And now for a note from Amy's soapbox. When it is a Sunday, and a person says "next" Wednesday, it should be assumed that they mean the Wednesday that is a week and a half away. Because the Wednesday in 4 days would be called "this" Wednesday. See: Figure 1.
This has a point. When "THIS" Wednesday rolled around, I went for a nice afternoon run. After my run, I met my friends at Chipotle, because the logical thing to do after running 5 miles is to eat a 1,000 calorie burrito. It should be mentioned that I decided against showering, and just went all sweaty, because I am disgusting. It should also be noted that during my summers home from college, I never brought my cell phone anywhere or wore makeup, because I really loved spending the whole summer enjoying the dating practices of a nun. For reals though, I truly looked forward to 4 whole months without having to worry about flirting or giving phone numbers or shaving my legs regularly.
That is beside the point. The point is, there I was, blissfully pounding down my burrito, when my friend gets a text from my brother, telling her to tell me to call home ASAP. I call home, and my mom informs me that Cary has called my phone twice and called the house, looking for me to make sure we were still on for our date tonight. Whaaaa?? I told her that she needed to tell him that I can't go, because I just ate a massive burrito and I am in no condition to put on pants that require a zipper and button. But Cary was only in town for a day before he had to head back and wouldn't be back again until Ring Dance.

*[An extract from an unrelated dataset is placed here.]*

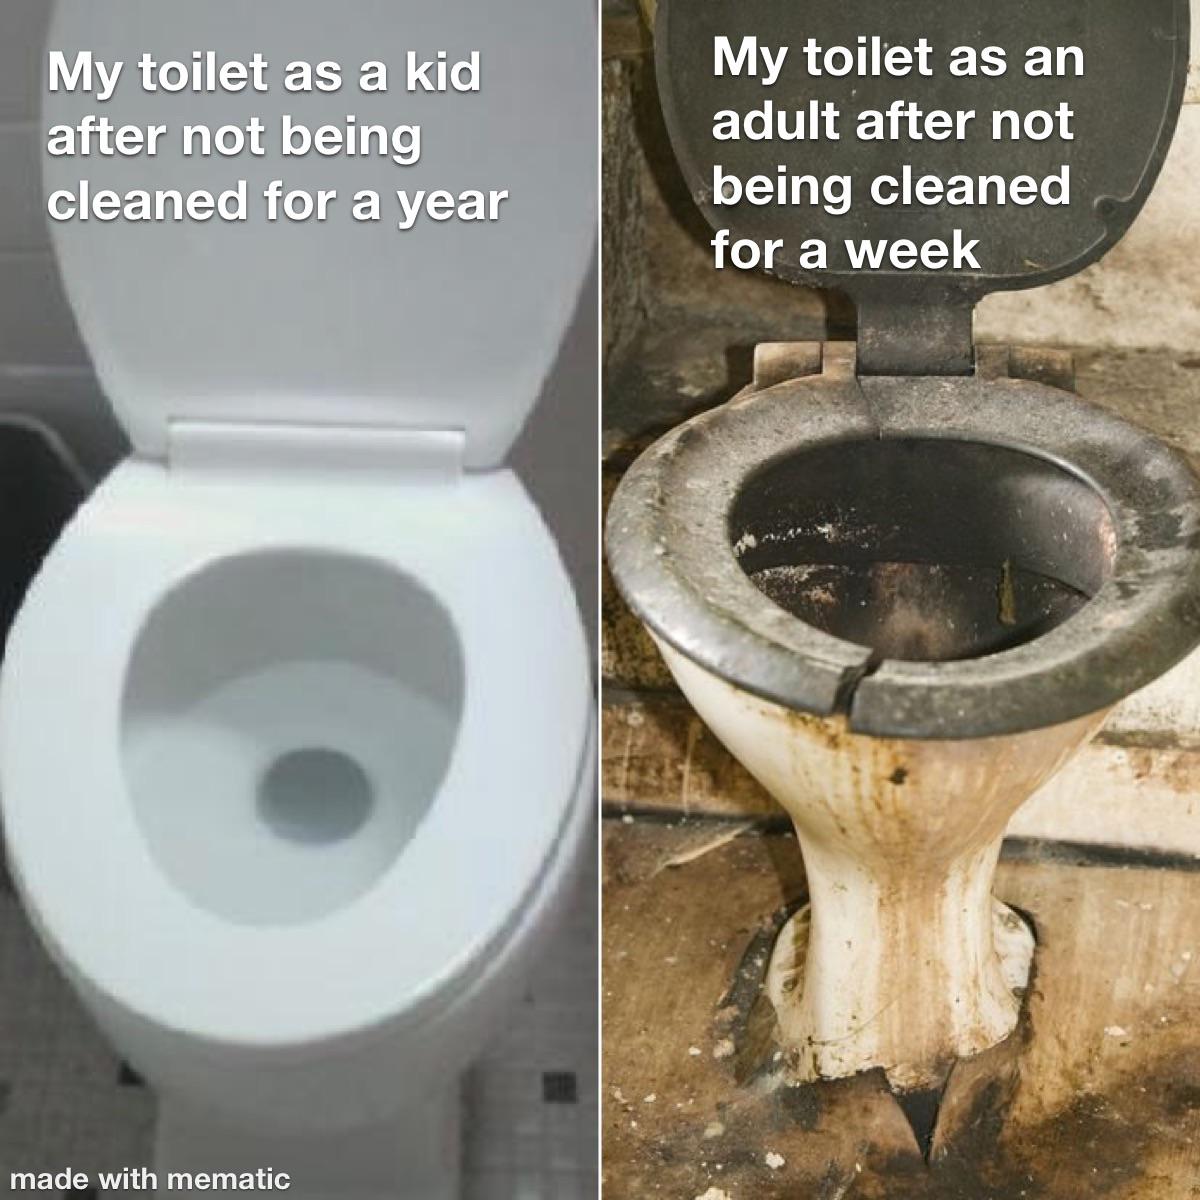 toilet - My toilet as a kid after not being cleaned for a year My toilet as an adult after not being cleaned for a week made with mematic

And my mother, being much afeared that I would never be asked a date again in my life, forced me to come home, shower, shove myself into my jeans, and go on the date. Despite my major bloating from the burrito and awkwardness from being me, I thought the date was great. We went go-carting, and the temperatures got a little chilly towards the end, and Cary offered me his jacket over and over. And even though I was freezing, I kept saying no because I was honestly afraid that it would be too small, and that would really be depressing. Cary was still sitting pretty in the friend zone at this point, but the evening had been most enjoyable. The date ended with an awkward side hug, as most of my first dates tend to, but I had way more fun than I was anticipating. He was so much fun to talk to. And he was pretty dang cute for an Air Force nerd.

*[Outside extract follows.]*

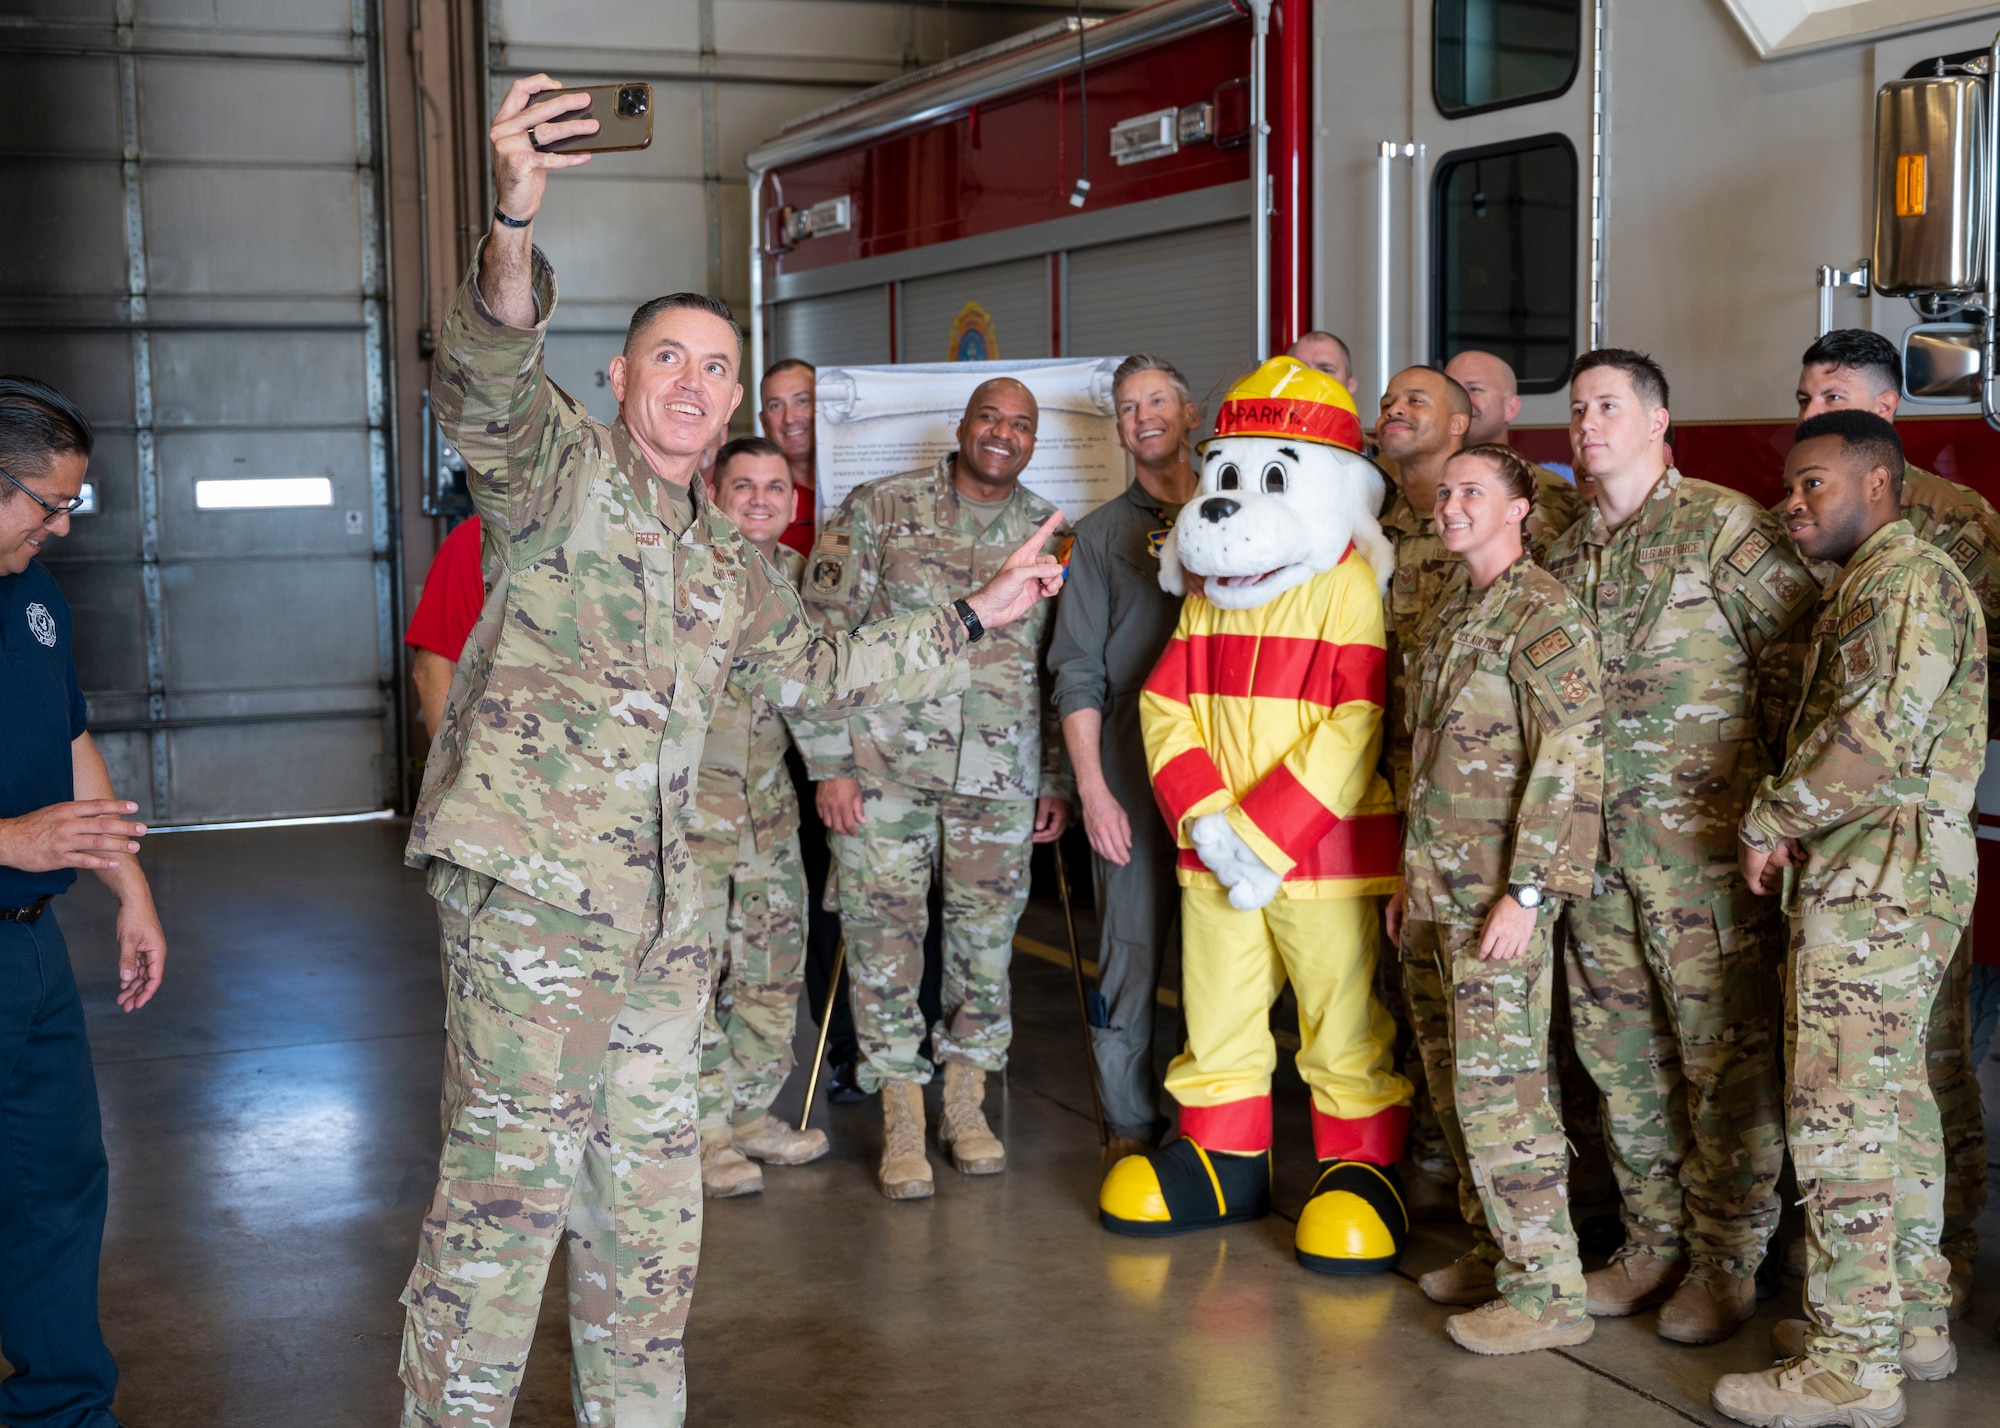 U.S. Air Force CMSgt. Jason Shaffer, 56th Fighter Wing command chief, takes a selfie with 56th Civil Engineer Squadron firefighters, Airmen and “Sparky” Oct. 7, 2022, at Luke Air Force Base, Arizona.

So. The next week and a half go by, we text and talk a little, and it's ring dance time! I did my hair 3 different times and mentally rehearsed possible conversations starters for our hour and a half drive down to the Academy. He came to pick me up, we took some highly original and not awkward pictures by the stairs and such, and we were on our way. I didn't even have to delve into my conversation starter topics at all and we talked and talked the whole drive there. Horrendous traffic and rain turned our hour and a half drive into 3 hours, but conversation flowed perfectly. And guess what? He talked back! Anyone who has ever met me knows that I could easily fill 3 hours with nonsensical babble without breaking a sweat, but we both contributed to the conversation, and that alone caused me reconsider his placement in the friend zone.
Ring dance started with a dinner and presentation of the class rings to the new Air Force Academy seniors. Right before they started handing out the rings, Cary leaned over and whispered, "There's something I should probably tell you." In my head, I was preparing myself for several possible confessions. I have food in my teeth? I spilled on myself? He's gay? He fumbled with his napkins and soldiered on: "They have a tradition here... For christening the rings." He looked really nervous and uncomfortable and I feared that the christening involved sacrificing a goat or your date or something. I stared at him in anticipation. "See... The date usually takes the ring and drops it into her champagne (sparkling cider) glass. And when she drinks it, she's supposed to catch the ring in her teeth and give it to the cadet... Through a kiss. But you don't have to if you don't want to.... I mean, if you want to... we can... But, um... yeah." All I could respond with was, "Oh!" I was so relieved that no goats or dates would be sacrificed that the reality of this situation didn't really sink in. Our first kiss was going to be around approximately a billion people, and giant metal ring was going to be involved. It really wasn't quite how I pictured it going down. But I still wasn't too concerned. Cary was still fairly solidly planted in the friend zone, and I thought it would just be a cute little story and another tally for the "Boys I've Kissed" list.
|The ring, in the bottom of the glass. Cary cracks me up in this picture. He looks so nervous.|
1. What if I choke on the ring? I am really not all that coordinated and that would be horrible way to die.
2. What if I kiss him... and it's more than just a funny kiss for tradition? That would really ruin my summer plans of not shaving or showering with regularity.
3. I hate sparkling cider. I have to drink a whole glass? Ugh.
So I drank the sparkling cider, miraculously caught the ring in my teeth, and leaned in to give it to Cary with a kiss. It was awkward, staged, metal-y, and perfect. I remember perfectly the feeling of the ring clanging as it touched my teeth teeth and the feeling of shivers that went down to my toes when Cary's lips touched mine. We laughed and blushed and I immediately knew that this boy was going to be more than a tally.